Trump signs bill to release Epstein files
The president’s move directs the Department of Justice to make material easy to access, although authorities may withhold information on ongoing investigations


On Wednesday, Donald Trump signed a bill ordering the Department of Justice to release the case files on the millionaire financier and convicted sex offender Jeffrey Epstein. Or, at least, that’s what he said he did, 24 hours after the bill was overwhelmingly approved by both the House and the Senate. The U.S. president chose to sign it without witnesses or the usual ceremony he favors in such cases. He made the announcement on his social media platform, Truth Social, after 9 p.m., at the end of a day in which, unusually for him, he avoided the press.
In his message, Trump said little about the law, the crimes of his former friend, or the victims. Instead, he took the opportunity to recall that Epstein was arrested and died in a maximum-security cell in Manhattan (the coroner ruled it was suicide) under his first presidency; he also said that Epstein was “a lifelong Democrat”; and he takes credit for the passage of the bill, because last Sunday he gave his people permission to support it in both chambers.
“Democrats have used the Epstein issue, which affects them far more than the Republican Party, in order to try and distract from our AMAZING Victories,” he wrote on Truth Social, before going on to list all those achievements with a mix of exaggeration, lies and half-truths.
In his message, Trump cited former president Bill Clinton, former Treasury secretary Larry Summers, who has been removed or stepped down from several boards following revelations about his email exchanges with the late financier; Democratic donor Reid Hoffman; House Minority Leader Hakeem Jeffries, whom Trump accused of asking Epstein for campaign donations after the latter was charged, and Democratic Congresswoman Stacey Plaskett, another figure who has been exposed by recent emails.
The announcement ends months in which Trump repeatedly refused to authorize the release of Epstein’s files in the hope that a storm that had been raging especially hard among his MAGA supporters would subside on its own. The signing also starts the clock ticking for the Department of Justice, which has 30 days to release all investigative files relating to Epstein’s crimes and the connections that may be revealed within his circle of wealthy and powerful friends.

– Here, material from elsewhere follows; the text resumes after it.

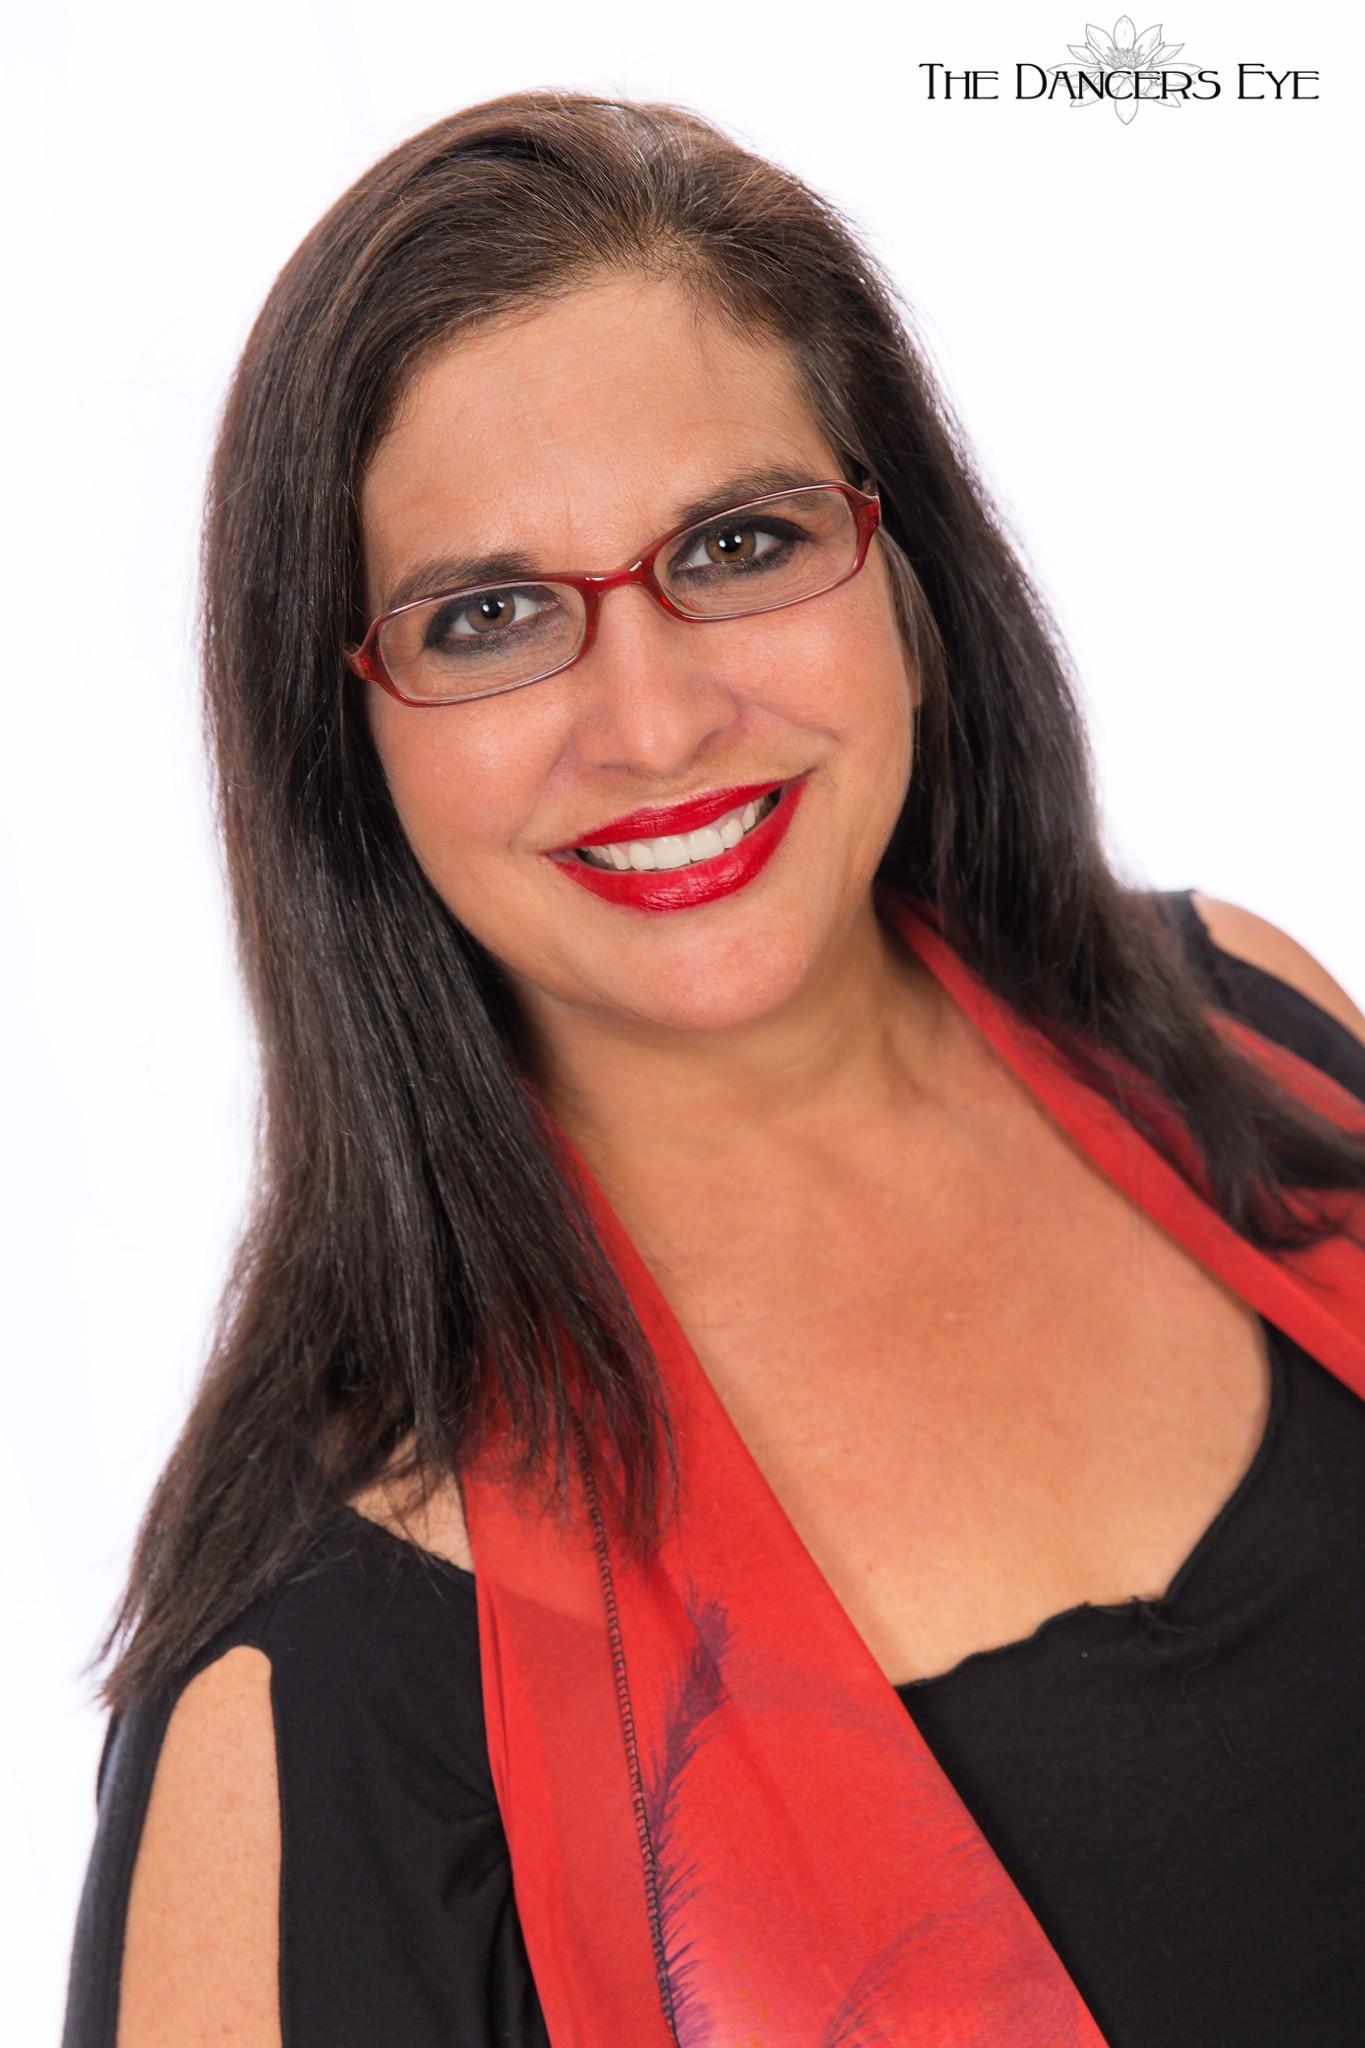 Andrea Farese

The material slated for disclosure is a vast and comprehensive collection of files that comprise millions of pages, including flight records, personal communications, internal reports, metadata, immunity agreements, contracts with the financier’s employees, and emails.
Exceptions to disclosure
But the legislation includes exceptions that allow the Department of Justice to withhold some information, a fact that could turn this new declassification into yet another chapter in the history of accumulated disappointments for those who want to clarify once and for all how far Epstein’s sex trafficking network reached and who participated in it.
The law requires that released material be easy to access and download. But it authorizes the Department of Justice to redact information that could compromise victims, material containing descriptions of child sex abuse, graphic images, or information that could jeopardize an ongoing investigation. Bondi is required to justify such censorship, and Congress is required to draft an additional report detailing the redacted content within 15 days of publication.
The victims, who gathered at the Capitol on Tuesday to witness the passage of the new law, said they feared that the Trump administration would release overly redacted material or cling to the existence of these ongoing investigations to avoid releasing documents.
Washington veterans remember another declassification: the President John F. Kennedy Assassination Records Collection Act of 1992. Congress then ordered the gradual release of documents related to Kennedy’s assassination and established similar protocols for managing classified information. Many of those papers were released, although successive administrations invoked national security exemptions to delay their full disclosure. In 2017, Trump ordered the release of thousands of documents on JFK and added more this year, but even now, more than 30 years later, there are still materials waiting to see the light of day.